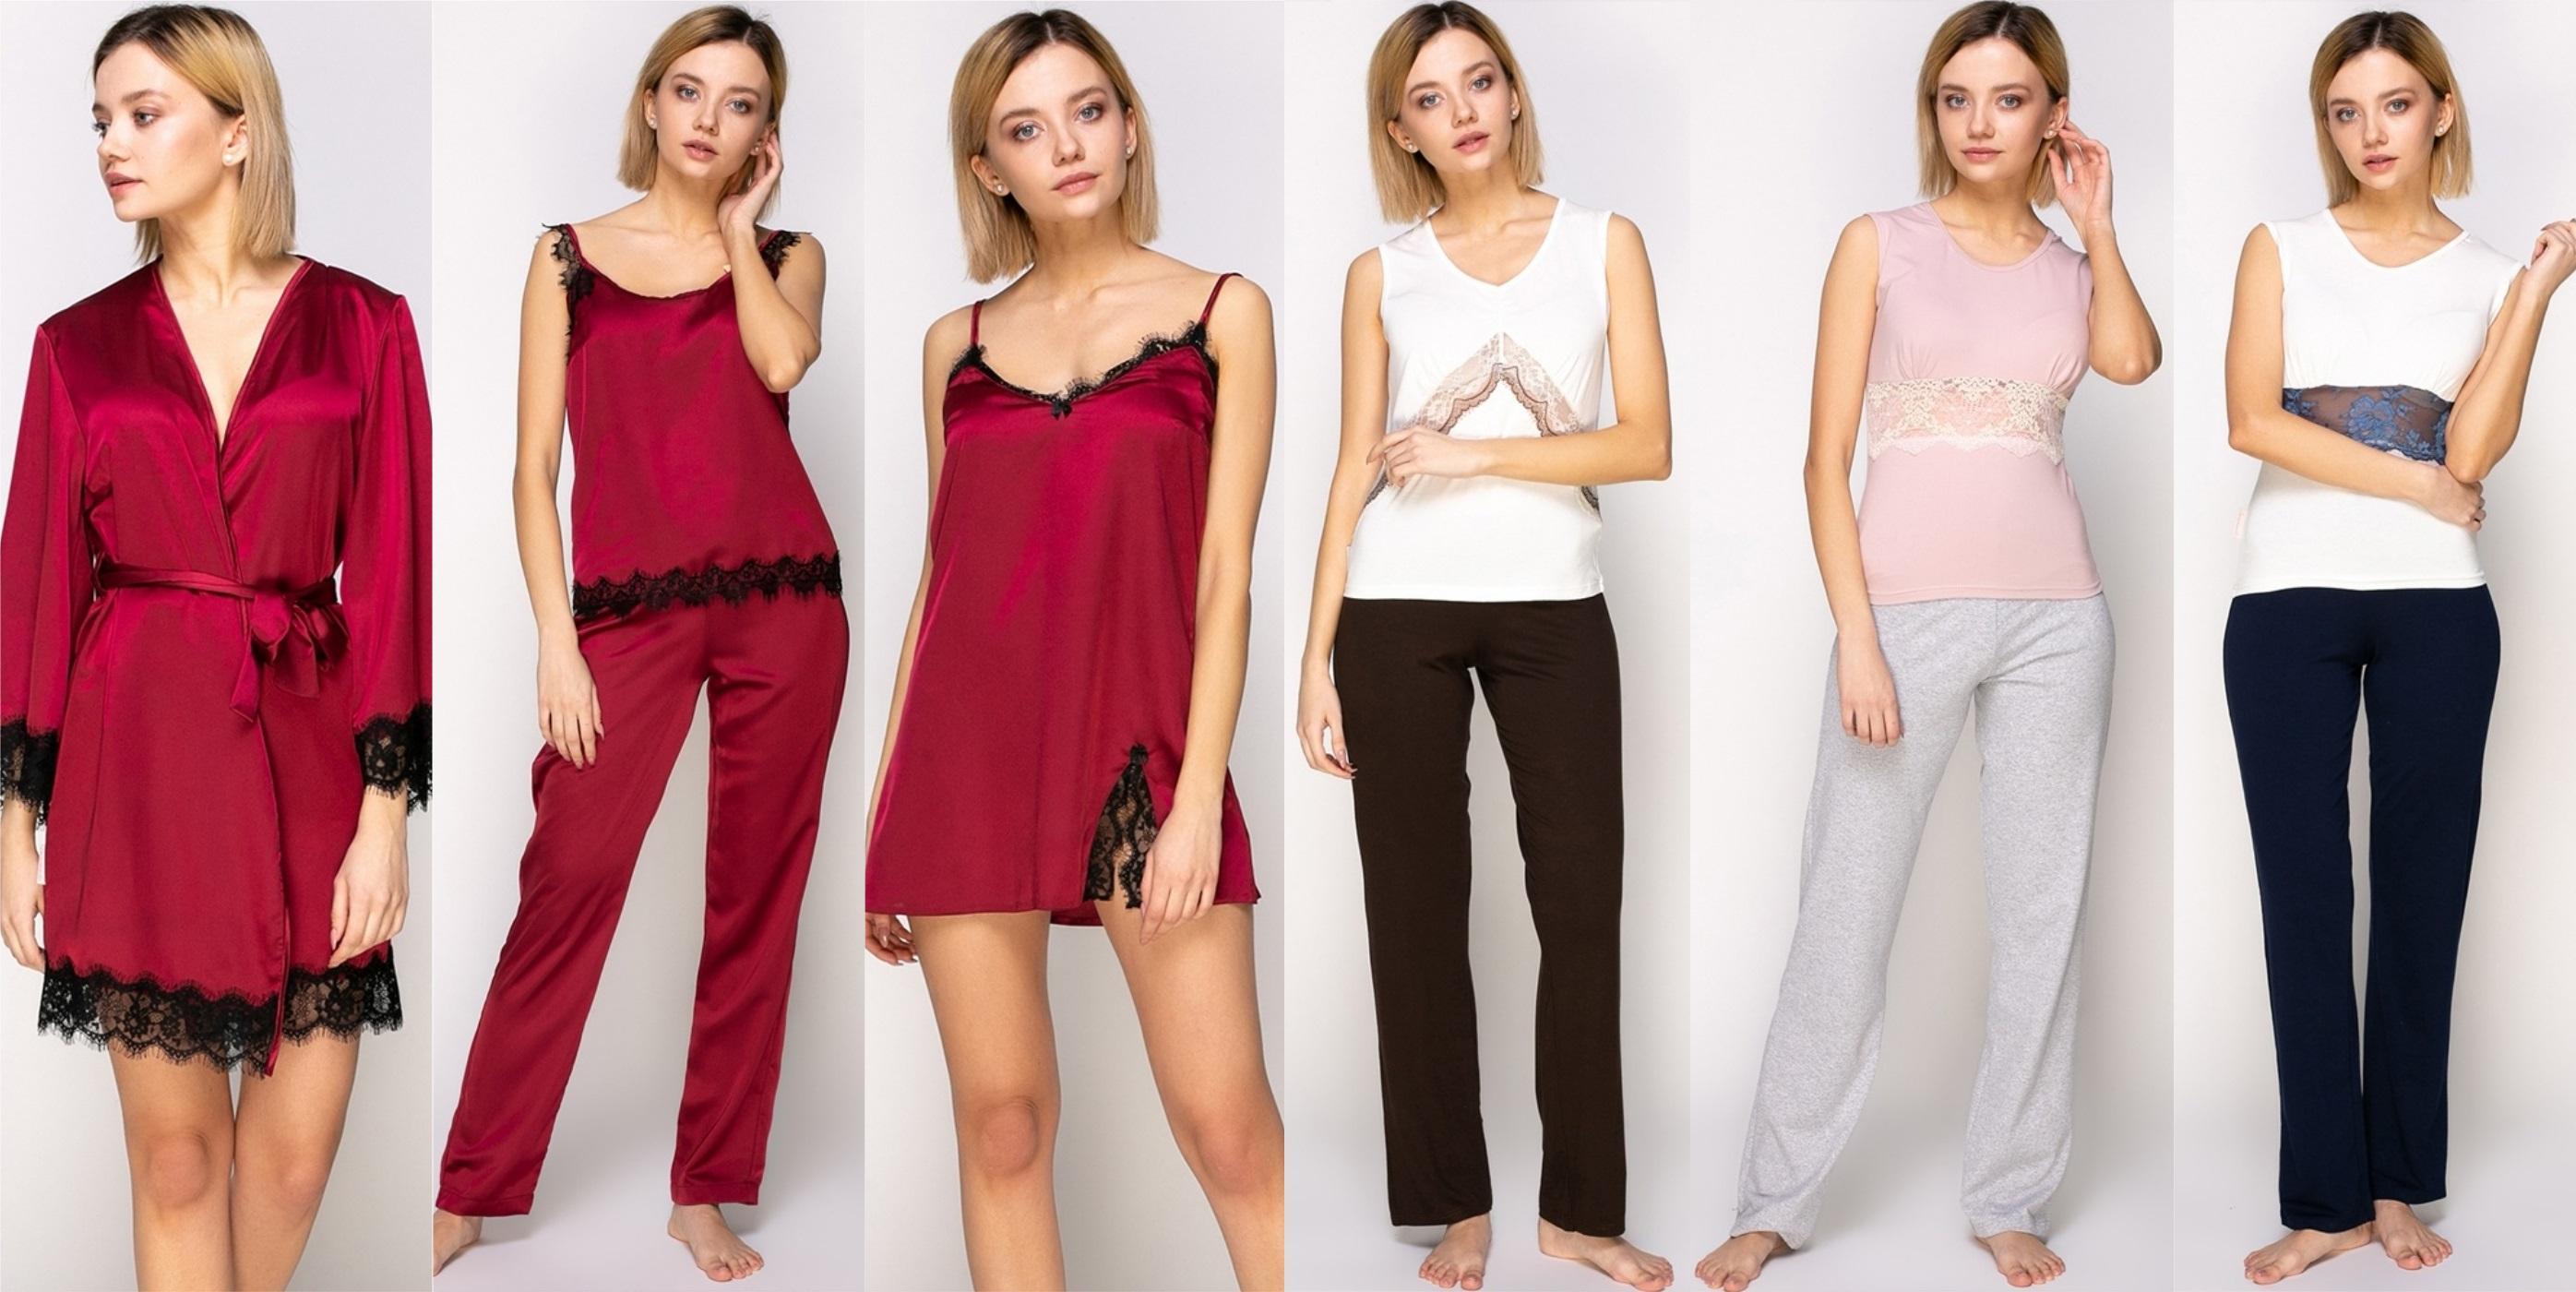 Халат, ночная сорочка, пижамы женские Serenade купить
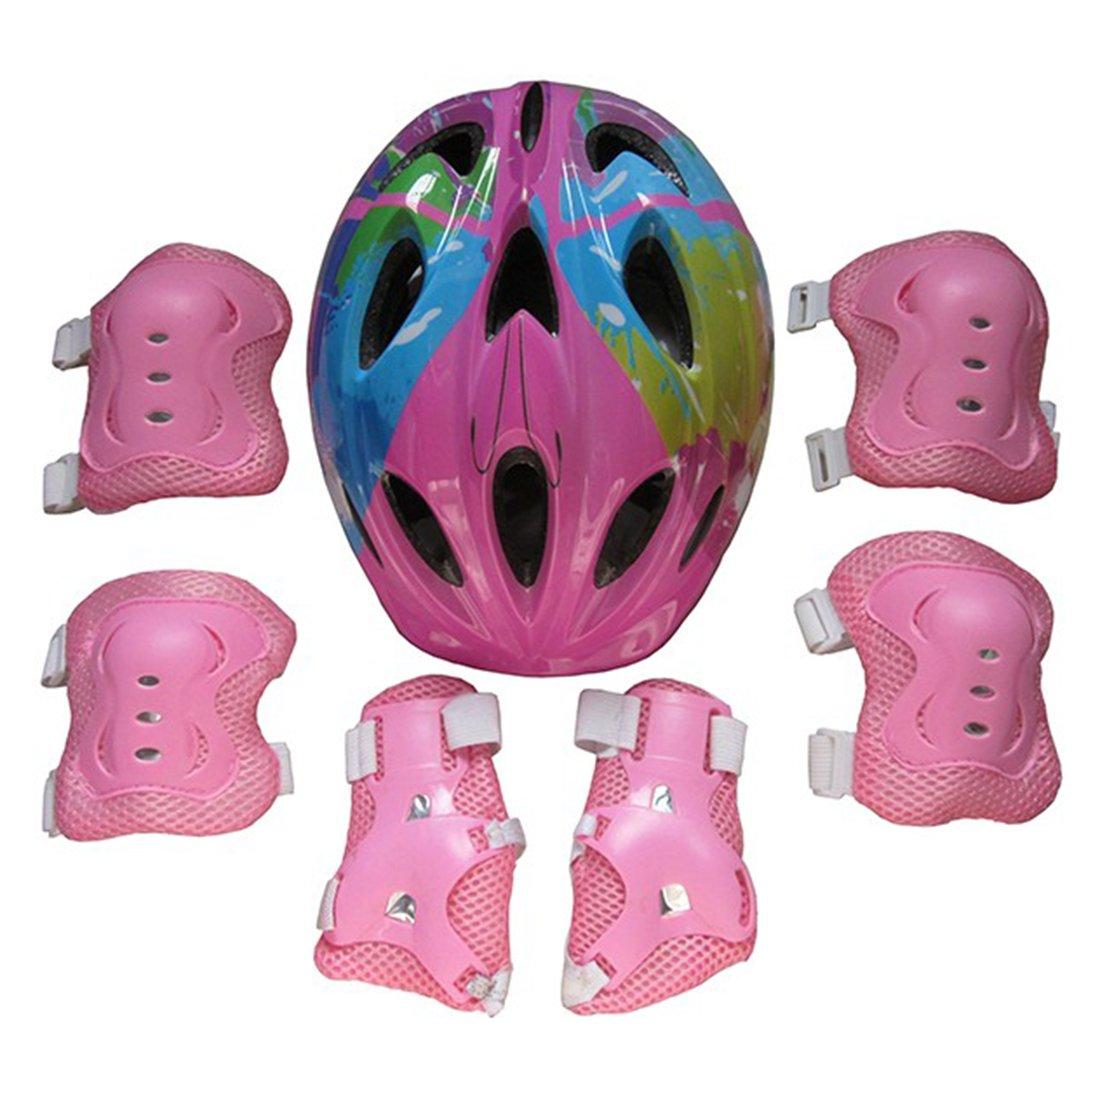 Giplar Enfants Sports é quipement de Protection 7 in 1 Kit pour Vé lo Bicyclette Skateboard BMX Roller Patinage (Genouillè res + Coudiè res + Coudiè res + Casque )
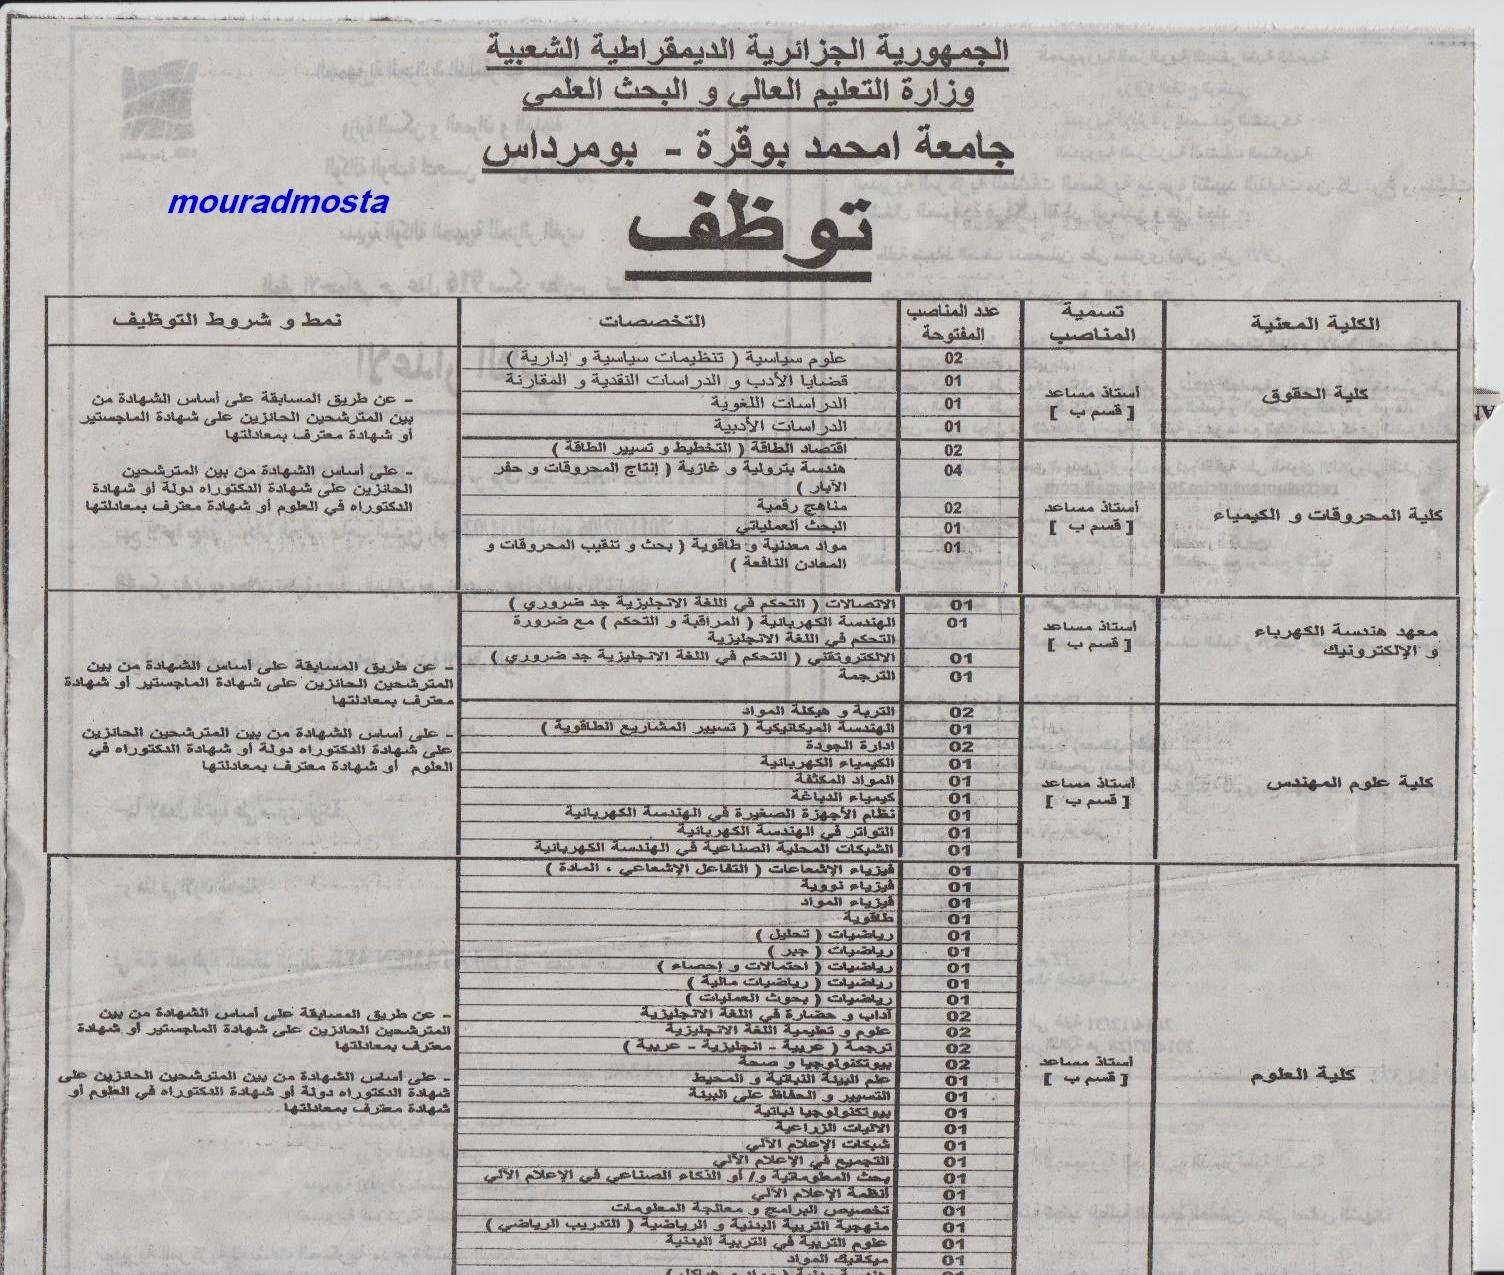 التوظيف في الجزائر : إعلان توظيف في جامعة امحمد بوقرة في بومرداس جويلية 2014

------------------------

WHAT YOU WILL DO:
The expected output is the full material above, word for word, without pictures.

RESPONSE AREA:
 Халат, ночная сорочка, пижамы женские Serenade купить
 Giplar Enfants Sports é quipement de Protection 7 in 1 Kit pour Vé lo Bicyclette Skateboard BMX Roller Patinage (Genouillè res + Coudiè res + Coudiè res + Casque )
 التوظيف في الجزائر : إعلان توظيف في جامعة امحمد بوقرة في بومرداس جويلية 2014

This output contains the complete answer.